** Problem statement **
Only lines holding the word "Christmas" are wanted from the records; copy all of them.

** Records to use **
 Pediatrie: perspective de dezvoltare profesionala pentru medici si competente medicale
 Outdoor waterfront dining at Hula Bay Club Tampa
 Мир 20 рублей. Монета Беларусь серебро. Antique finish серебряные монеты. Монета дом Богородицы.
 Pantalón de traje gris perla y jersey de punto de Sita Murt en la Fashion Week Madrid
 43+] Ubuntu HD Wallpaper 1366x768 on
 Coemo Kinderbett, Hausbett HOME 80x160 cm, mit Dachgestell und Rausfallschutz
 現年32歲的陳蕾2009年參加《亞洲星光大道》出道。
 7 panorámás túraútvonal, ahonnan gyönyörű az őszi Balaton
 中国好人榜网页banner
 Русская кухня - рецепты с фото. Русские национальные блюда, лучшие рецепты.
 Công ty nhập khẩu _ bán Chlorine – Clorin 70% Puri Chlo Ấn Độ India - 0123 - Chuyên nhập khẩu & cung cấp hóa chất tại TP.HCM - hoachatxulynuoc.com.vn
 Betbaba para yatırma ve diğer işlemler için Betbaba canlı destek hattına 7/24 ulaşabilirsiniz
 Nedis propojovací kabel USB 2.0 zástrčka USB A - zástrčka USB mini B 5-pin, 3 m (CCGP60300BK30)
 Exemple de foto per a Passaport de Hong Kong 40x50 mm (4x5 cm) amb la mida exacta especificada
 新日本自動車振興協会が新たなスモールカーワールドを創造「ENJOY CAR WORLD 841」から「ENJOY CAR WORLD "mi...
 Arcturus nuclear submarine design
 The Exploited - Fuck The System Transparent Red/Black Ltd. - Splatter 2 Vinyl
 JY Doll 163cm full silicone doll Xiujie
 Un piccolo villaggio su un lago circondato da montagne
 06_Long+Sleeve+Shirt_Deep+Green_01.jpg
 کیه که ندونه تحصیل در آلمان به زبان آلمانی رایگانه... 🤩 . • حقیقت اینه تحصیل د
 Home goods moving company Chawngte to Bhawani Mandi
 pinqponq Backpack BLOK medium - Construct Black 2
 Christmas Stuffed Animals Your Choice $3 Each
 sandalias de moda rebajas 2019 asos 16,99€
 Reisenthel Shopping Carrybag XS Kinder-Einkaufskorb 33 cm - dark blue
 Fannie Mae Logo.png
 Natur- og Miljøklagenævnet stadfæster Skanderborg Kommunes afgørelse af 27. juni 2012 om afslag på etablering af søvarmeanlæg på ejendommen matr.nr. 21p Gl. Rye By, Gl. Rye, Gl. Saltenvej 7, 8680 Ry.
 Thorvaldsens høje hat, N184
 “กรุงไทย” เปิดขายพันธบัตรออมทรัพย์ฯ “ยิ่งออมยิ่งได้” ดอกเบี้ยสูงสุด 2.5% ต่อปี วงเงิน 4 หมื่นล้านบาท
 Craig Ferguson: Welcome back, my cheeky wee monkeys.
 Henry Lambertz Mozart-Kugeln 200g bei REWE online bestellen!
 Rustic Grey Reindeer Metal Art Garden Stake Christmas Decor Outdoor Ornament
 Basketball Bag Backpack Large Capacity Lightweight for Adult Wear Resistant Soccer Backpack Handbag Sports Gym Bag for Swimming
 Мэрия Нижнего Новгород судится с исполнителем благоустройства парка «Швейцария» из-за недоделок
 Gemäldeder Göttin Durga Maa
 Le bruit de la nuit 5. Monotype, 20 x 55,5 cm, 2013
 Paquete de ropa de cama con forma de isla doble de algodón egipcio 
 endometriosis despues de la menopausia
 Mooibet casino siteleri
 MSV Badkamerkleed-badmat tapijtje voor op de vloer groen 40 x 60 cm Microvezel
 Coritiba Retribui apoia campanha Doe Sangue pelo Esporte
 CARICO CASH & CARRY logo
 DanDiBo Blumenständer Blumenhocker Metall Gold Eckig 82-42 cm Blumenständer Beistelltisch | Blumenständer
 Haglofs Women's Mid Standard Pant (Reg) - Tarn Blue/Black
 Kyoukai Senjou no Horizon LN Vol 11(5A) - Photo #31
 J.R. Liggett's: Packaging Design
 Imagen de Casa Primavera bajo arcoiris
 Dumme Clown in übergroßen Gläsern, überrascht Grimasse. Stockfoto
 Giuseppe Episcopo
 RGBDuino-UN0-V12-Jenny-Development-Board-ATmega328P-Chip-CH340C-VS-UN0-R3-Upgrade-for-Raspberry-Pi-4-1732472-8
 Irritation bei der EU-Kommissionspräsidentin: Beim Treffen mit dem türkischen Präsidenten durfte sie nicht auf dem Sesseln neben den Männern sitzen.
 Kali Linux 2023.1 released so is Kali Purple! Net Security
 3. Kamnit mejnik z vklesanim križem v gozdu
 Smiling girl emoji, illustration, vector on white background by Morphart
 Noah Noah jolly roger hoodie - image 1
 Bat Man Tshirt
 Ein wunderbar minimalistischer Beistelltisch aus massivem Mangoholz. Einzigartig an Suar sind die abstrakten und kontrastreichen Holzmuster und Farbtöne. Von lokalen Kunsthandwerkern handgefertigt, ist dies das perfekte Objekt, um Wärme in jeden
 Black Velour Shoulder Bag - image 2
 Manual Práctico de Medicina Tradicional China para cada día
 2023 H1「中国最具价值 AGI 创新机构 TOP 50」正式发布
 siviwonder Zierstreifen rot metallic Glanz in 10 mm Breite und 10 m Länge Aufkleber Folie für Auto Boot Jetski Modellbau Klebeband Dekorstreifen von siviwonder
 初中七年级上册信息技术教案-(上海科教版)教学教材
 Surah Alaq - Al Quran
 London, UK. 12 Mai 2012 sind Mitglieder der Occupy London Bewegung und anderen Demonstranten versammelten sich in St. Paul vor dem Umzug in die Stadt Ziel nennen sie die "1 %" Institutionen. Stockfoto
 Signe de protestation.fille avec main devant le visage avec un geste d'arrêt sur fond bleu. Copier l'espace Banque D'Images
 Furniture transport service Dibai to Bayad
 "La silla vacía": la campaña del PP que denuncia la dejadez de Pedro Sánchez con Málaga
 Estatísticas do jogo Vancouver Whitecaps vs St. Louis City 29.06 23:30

** The completed task **
 Christmas Stuffed Animals Your Choice $3 Each
 Rustic Grey Reindeer Metal Art Garden Stake Christmas Decor Outdoor Ornament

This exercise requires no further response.